• WORK INSTRUCTION:
Please transcribe the listing that follows exactly; images are to be excluded.

• GIVEN INFORMATION:
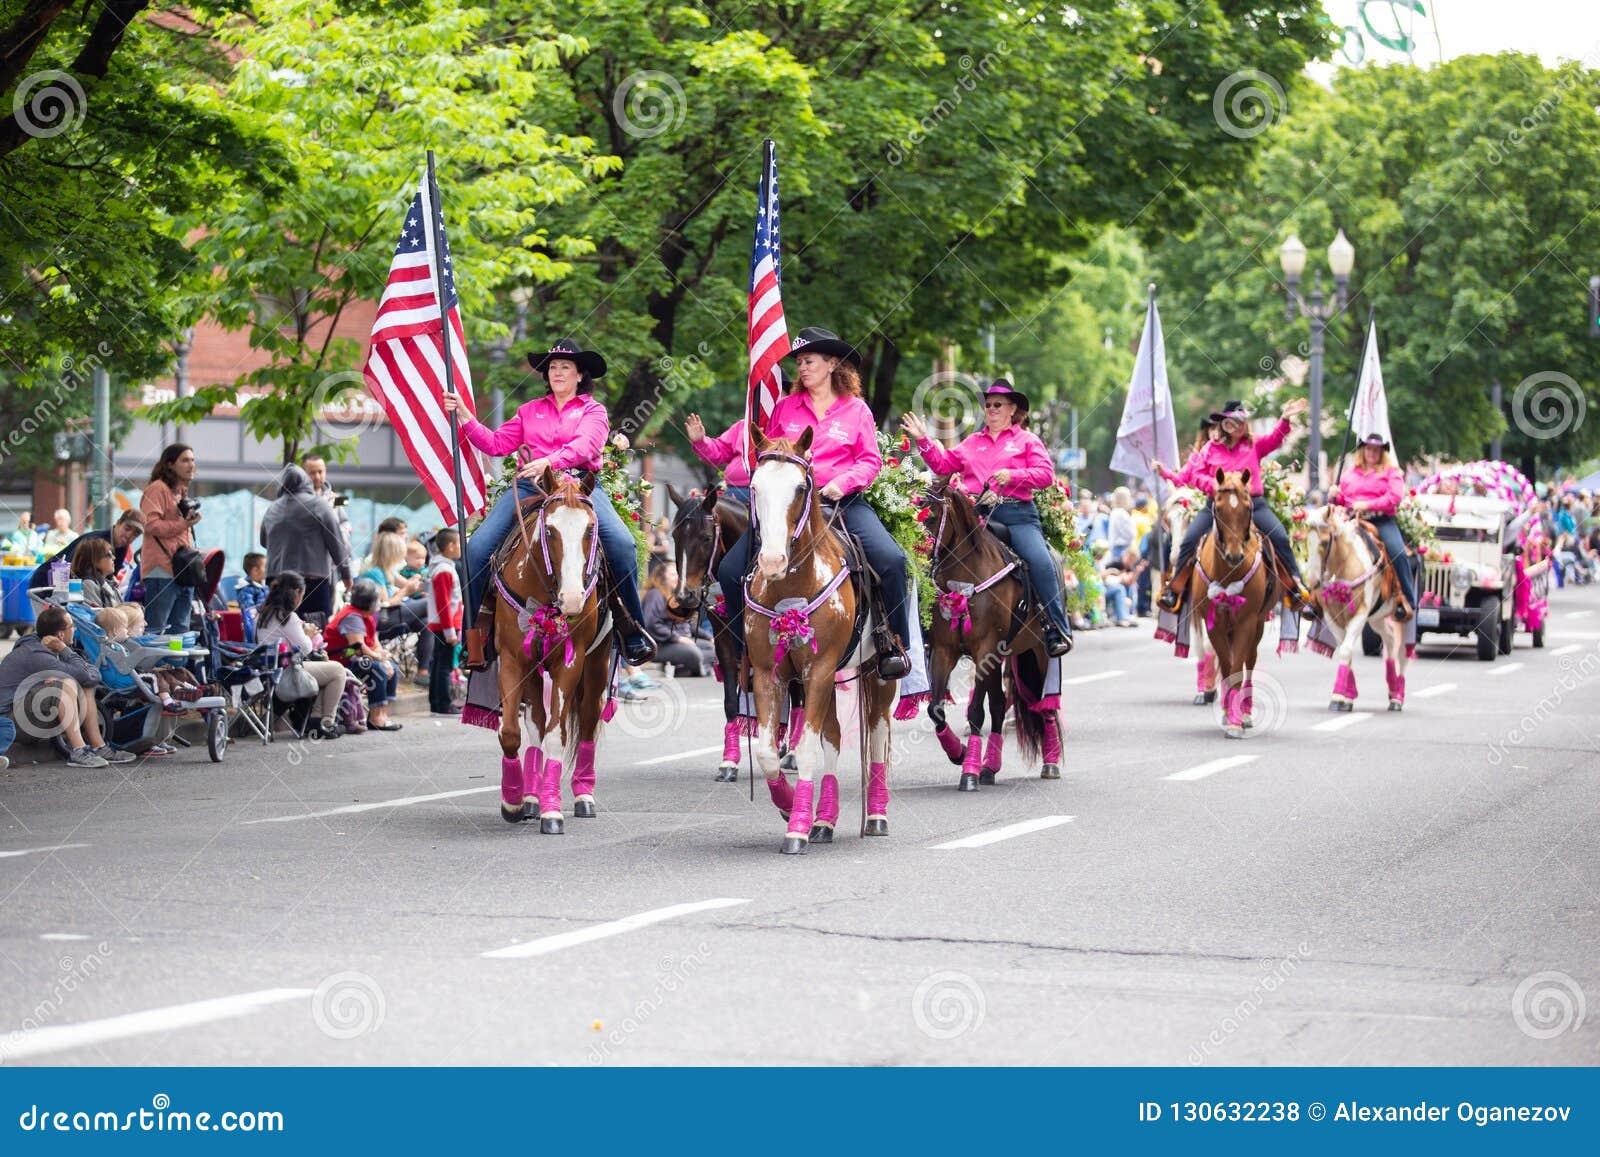 Grupo de mujeres adultas en trajes rosados del vaquero
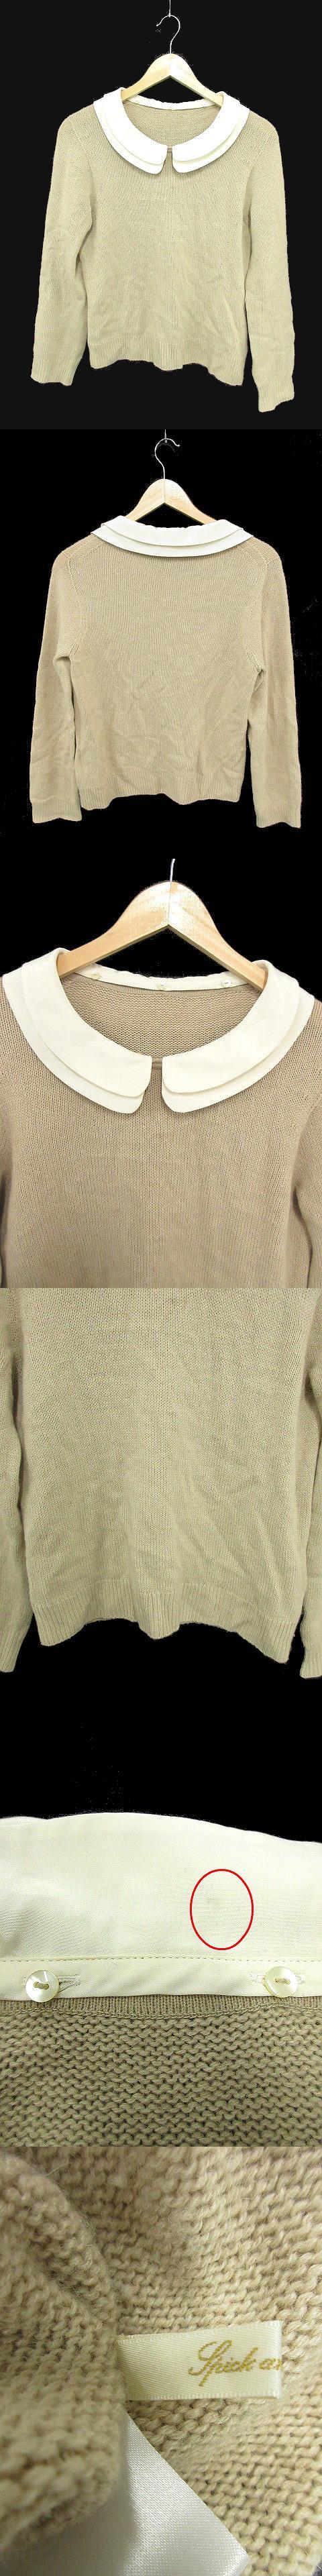 セーター ニット 長袖 ラウンドカラー ウール混 アンゴラ混 カシミヤ混 ベージュ /SU28
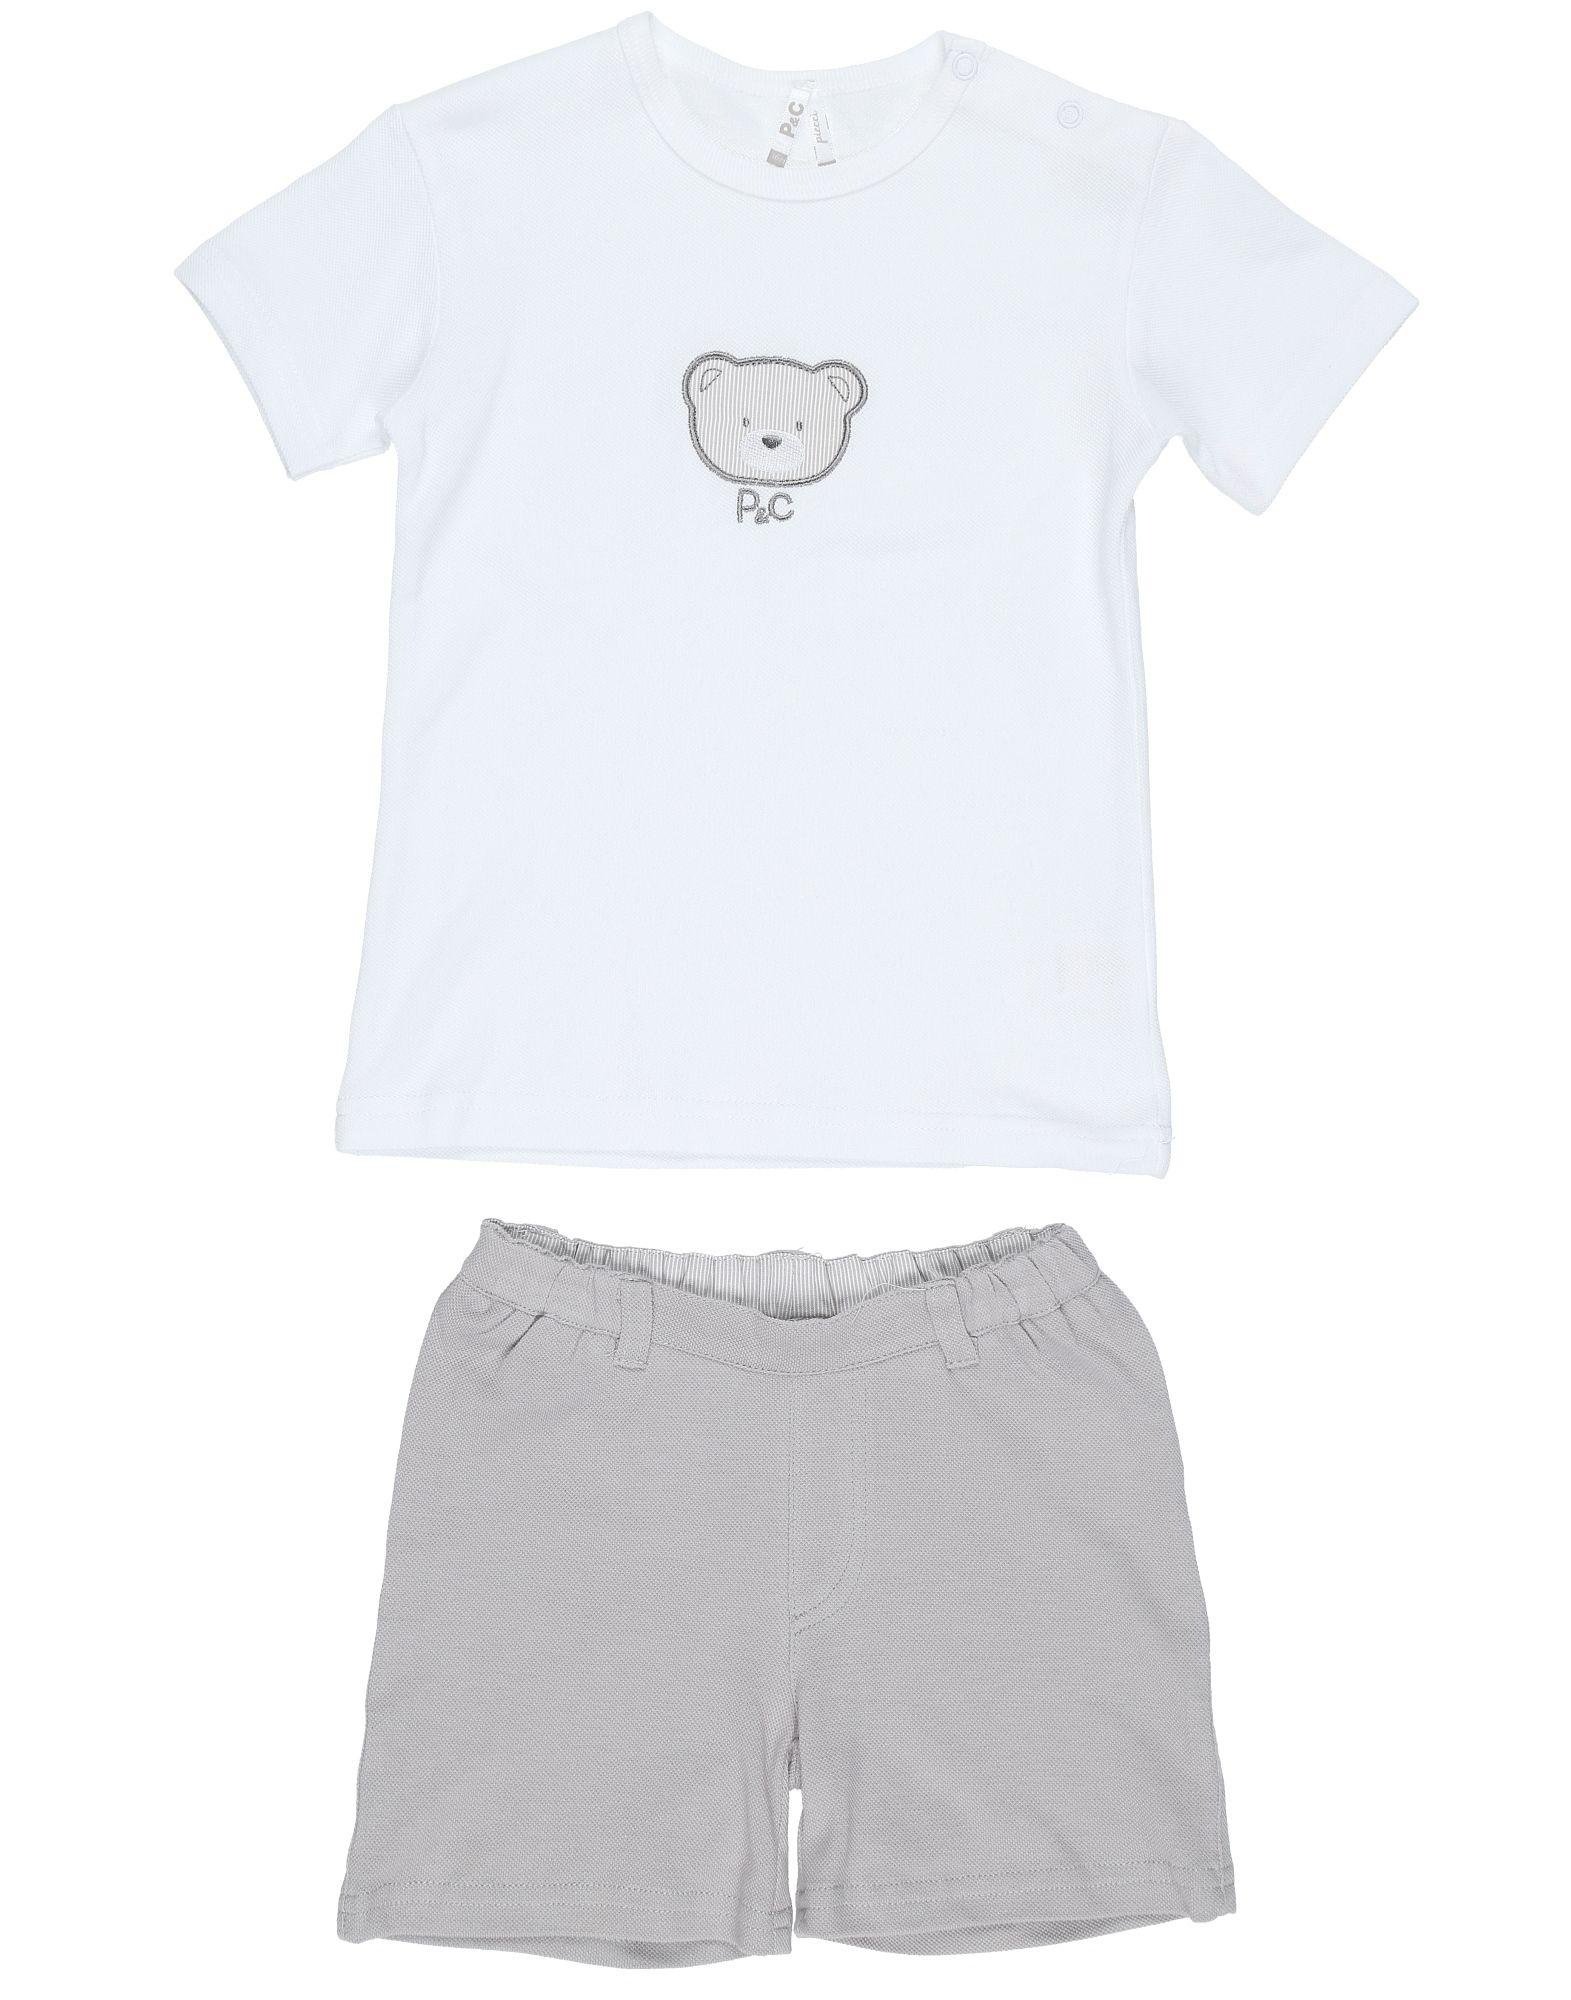 P&C Комплекты с шортами пижамные комплекты
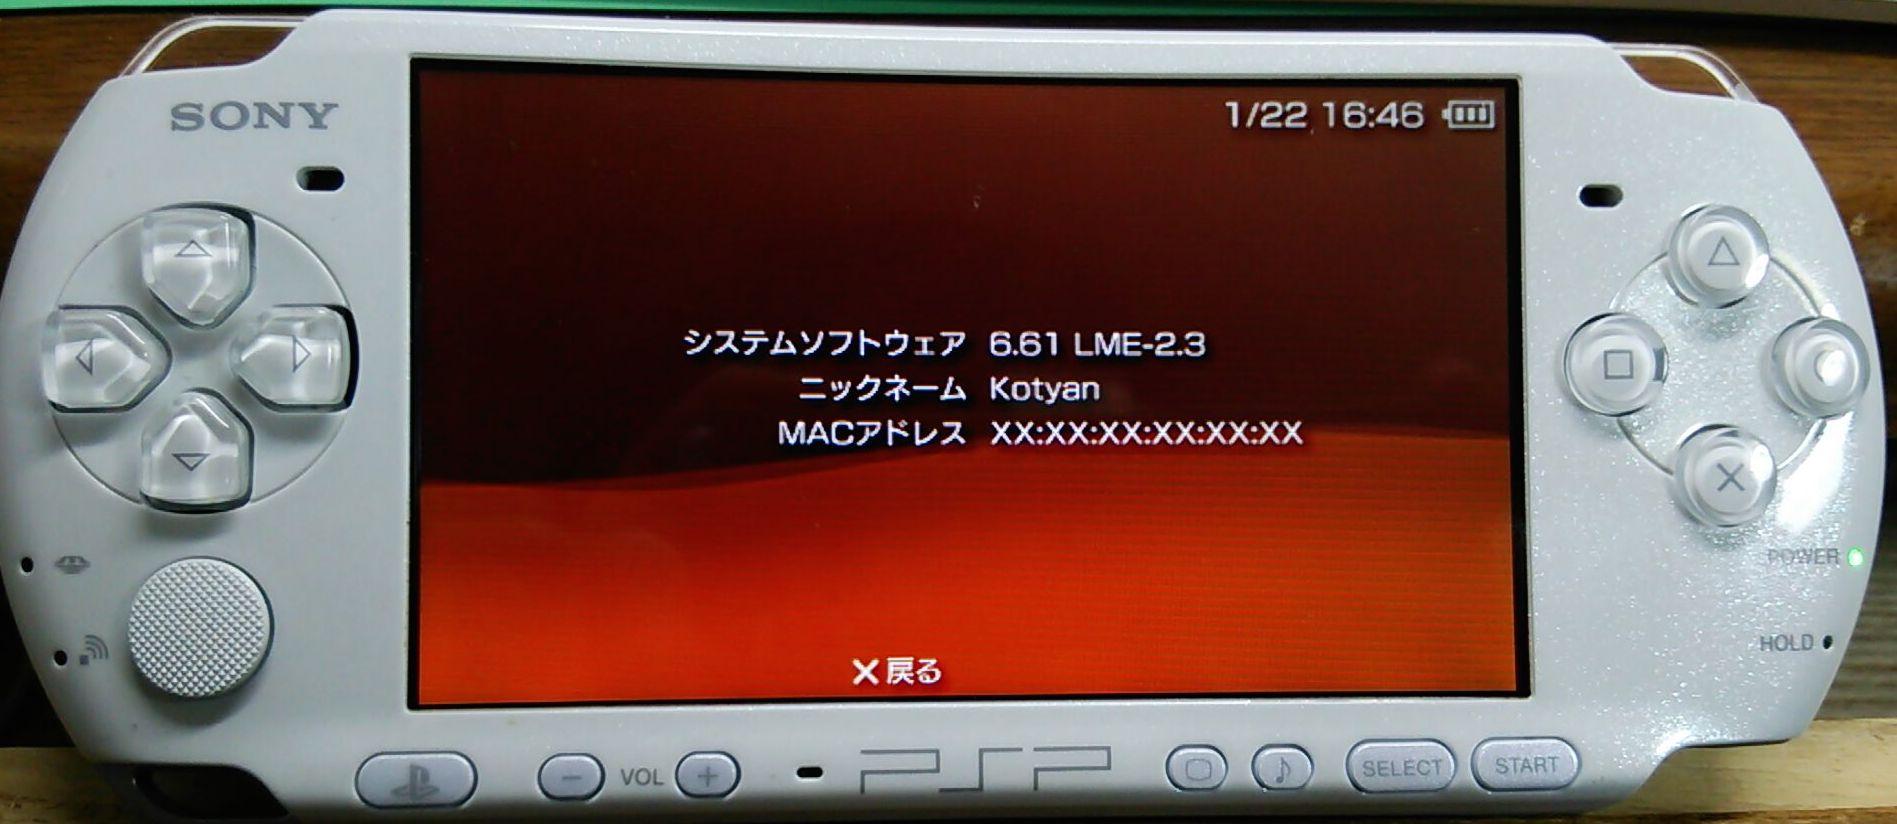 PSP CFW6.61 ME/LME リリース [導入方法]

• FINISHED TASK:
 Grupo de mujeres adultas en trajes rosados del vaquero
 セーター ニット 長袖 ラウンドカラー ウール混 アンゴラ混 カシミヤ混 ベージュ /SU28
 P&C Комплекты с шортами пижамные комплекты
 PSP CFW6.61 ME/LME リリース [導入方法]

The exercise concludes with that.